They Threw Us All In A Trench And Stuck A Monument On Top - Liars (2001)
Quality or nostalgia: was younger me onto something, or just on something?
Here’s another one that’s more journal than review.
For about a year or so in 02-03 I had a job I really hated. I was pretty well launched on the Buddhist eightfold path at the time, including the concept of “right livelihood”: that you shouldn’t make your living ripping off other people. Like, say, you work for a car lot whose entire business plan is to sell car loans to people who can’t afford them and then repossess the cars to sell again. It was a maddening place to try to justify showing up, not to mention I had a boss whom I did not admire or respect.
My musical taste probably narrowed into the angry and intense band because of this. In addition, people who don’t remember the aftermath of 9/11 in America can’t fully understand what a bleak place we suddenly found ourselves in. The frustration and catharsis on records like this was a frequent soundtrack to that era for me, which is probably why this one sticks in my head so vividly.
Liars were an interesting band who never stuck with one sound. Their bread and butter was noisy and grating punk that you could move to, the deep end of a really interesting thread of neo-garage, dance-punk, whatever you want to call it, that would be much more successful for subsequent bands like LCD Soundsystem, The Strokes, and The Yeah Yeah Yeahs.
So is it Quality or Nostalgia?
It’s angry and immediate and confrontational in a way that spoke to me at the time. I don’t listen to as much of that today, but stuff like this teleports me back to choppier and angrier days. It’s a little nostalgia, and unfortunately a little deja vu.

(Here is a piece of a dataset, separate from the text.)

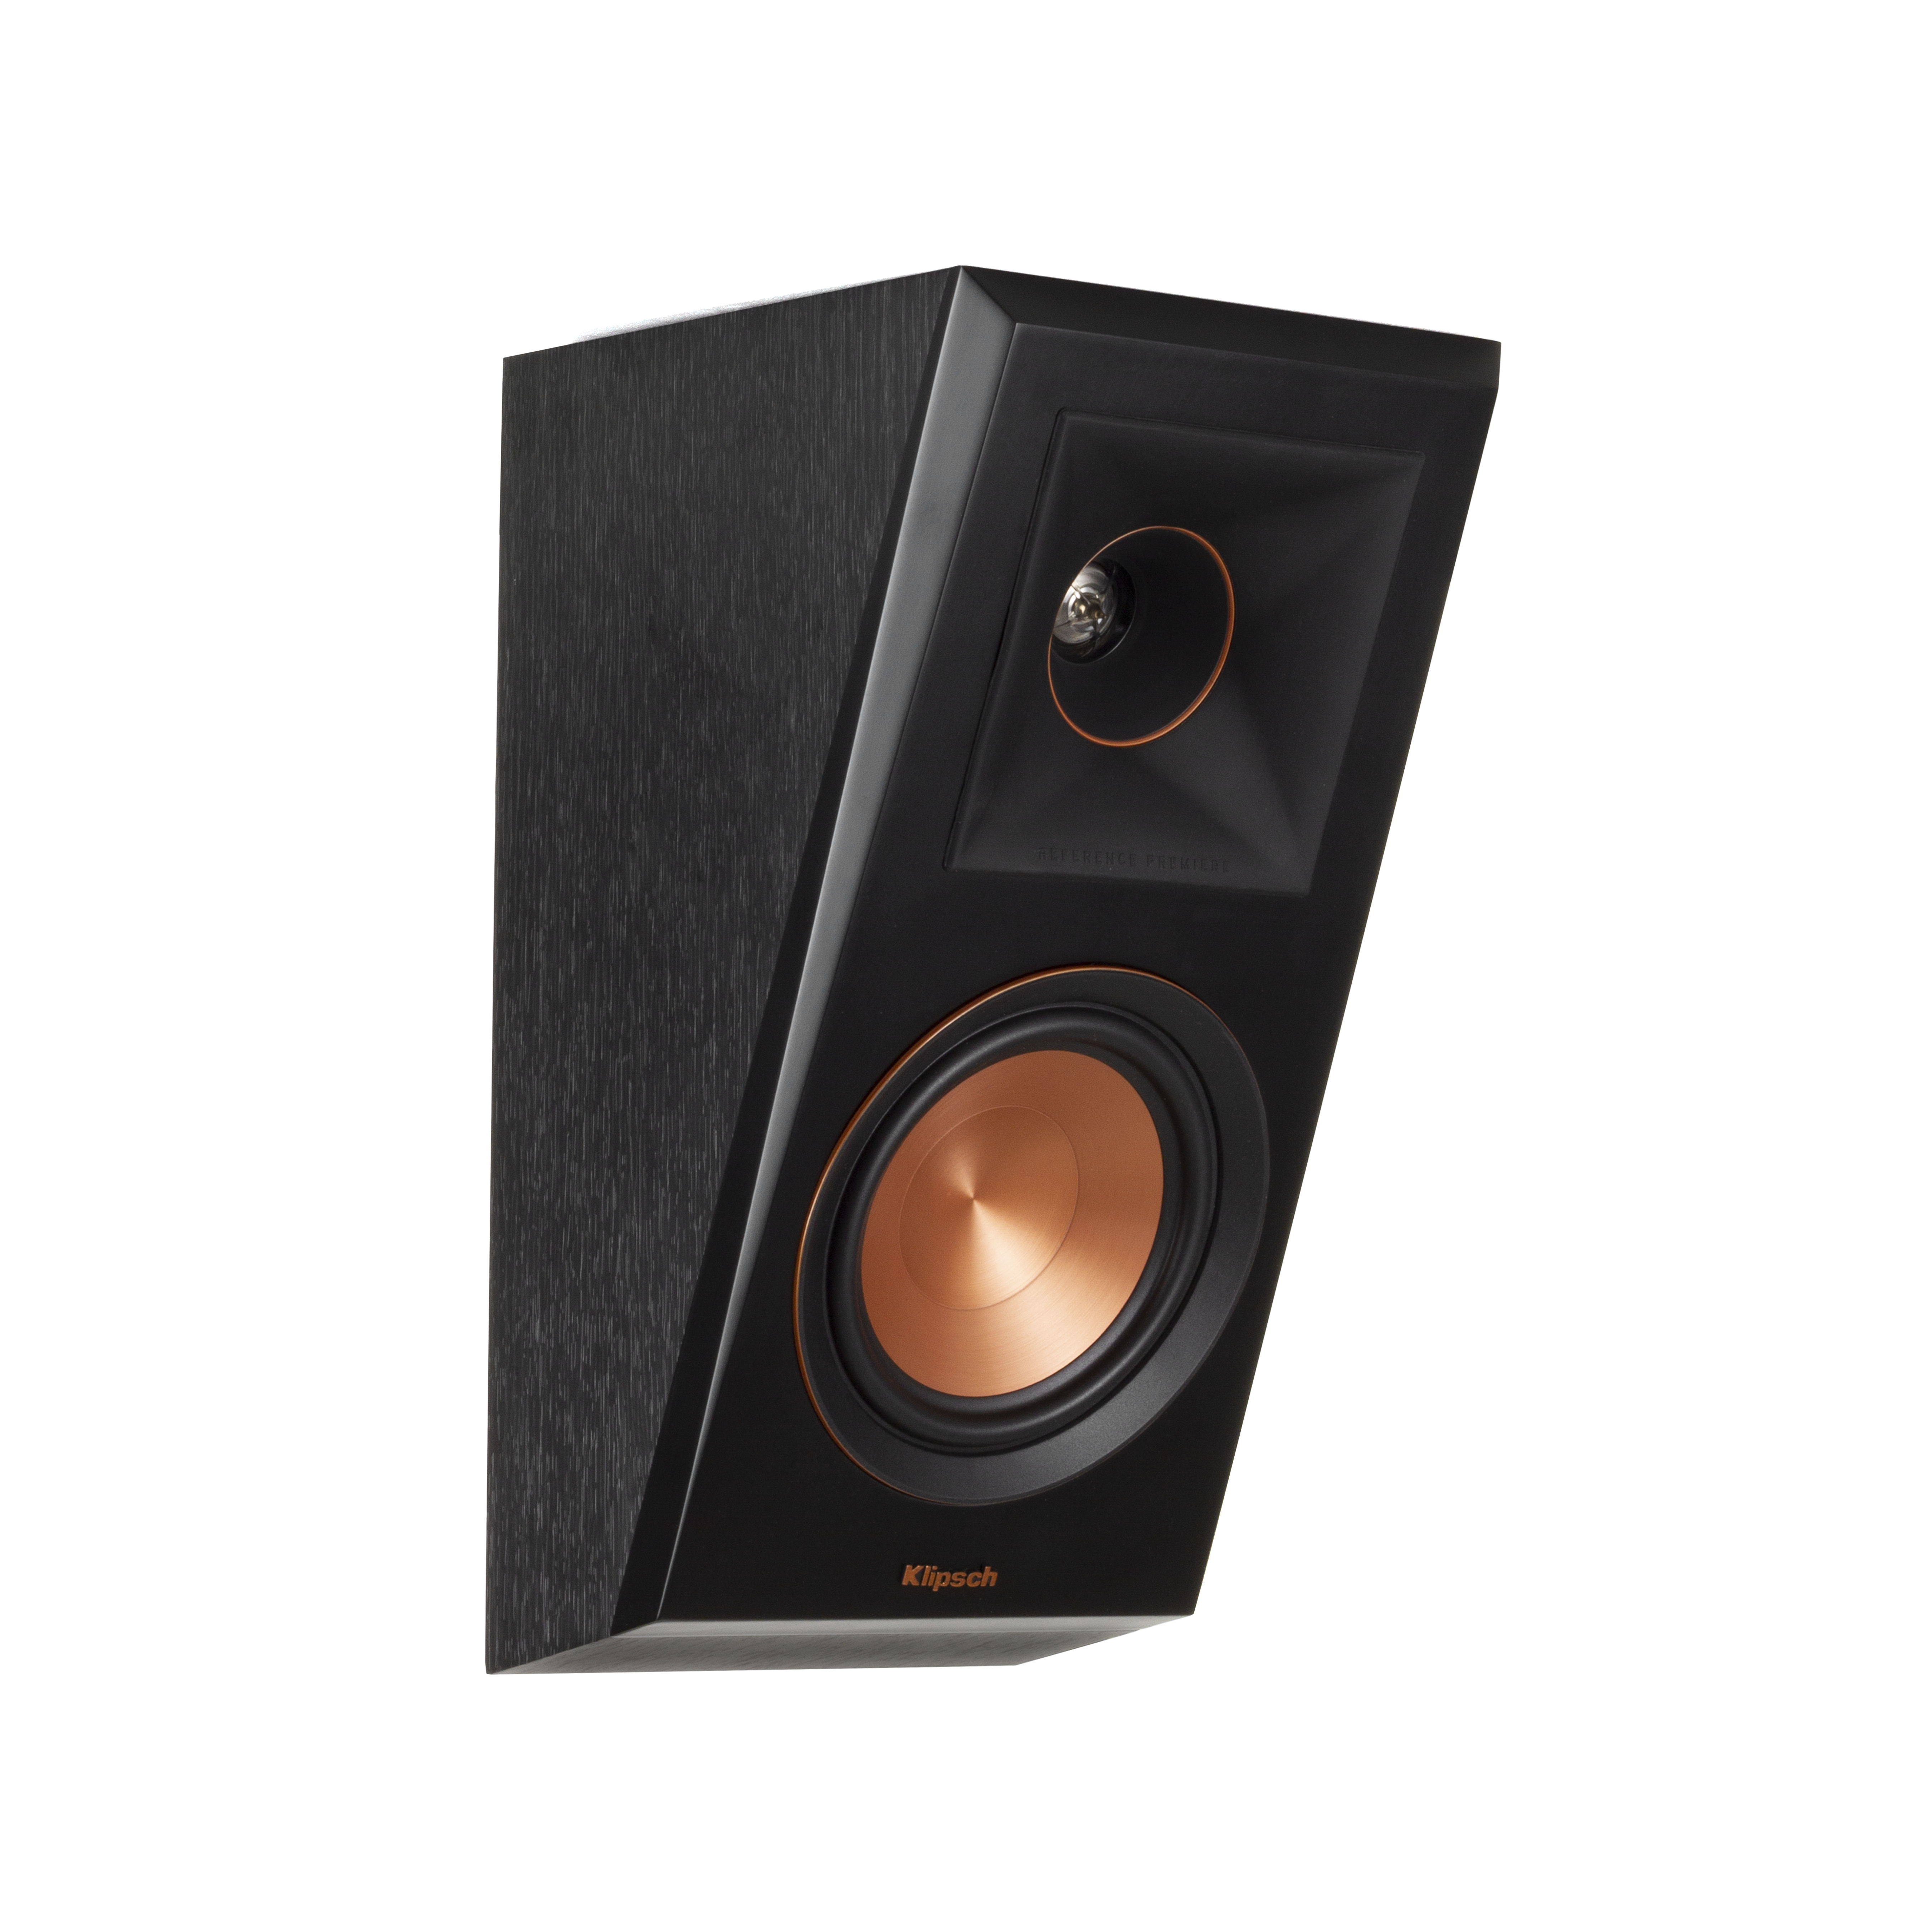 Klipsch RP500SAB Dolby Atmos Surround Speaker - Black(pair)

The Moral of the Story: I got laid off from that shitty job, a few months before the whole thing was shut down under predatory lending laws (Iowa’s laws, to be clear. Basically all financial crime is legal in South Dakota). Shortly after, I got a call out of the clear blue from a high school friend who asked if I wanted a shot with his web agency. That gig would be the beginning of respectable employment for me, the beginning of my formation as a professional, and the first time I would think of my skills as a vocation rather than a grift or a hustle. All of this might have happened some other way but it happened this way. So while I can’t completely say I buy the “everything happens for a reason” line of argument, I will say that we are all part of a larger process that isn’t always fair to each of us but can offer salvation if we’re open to it.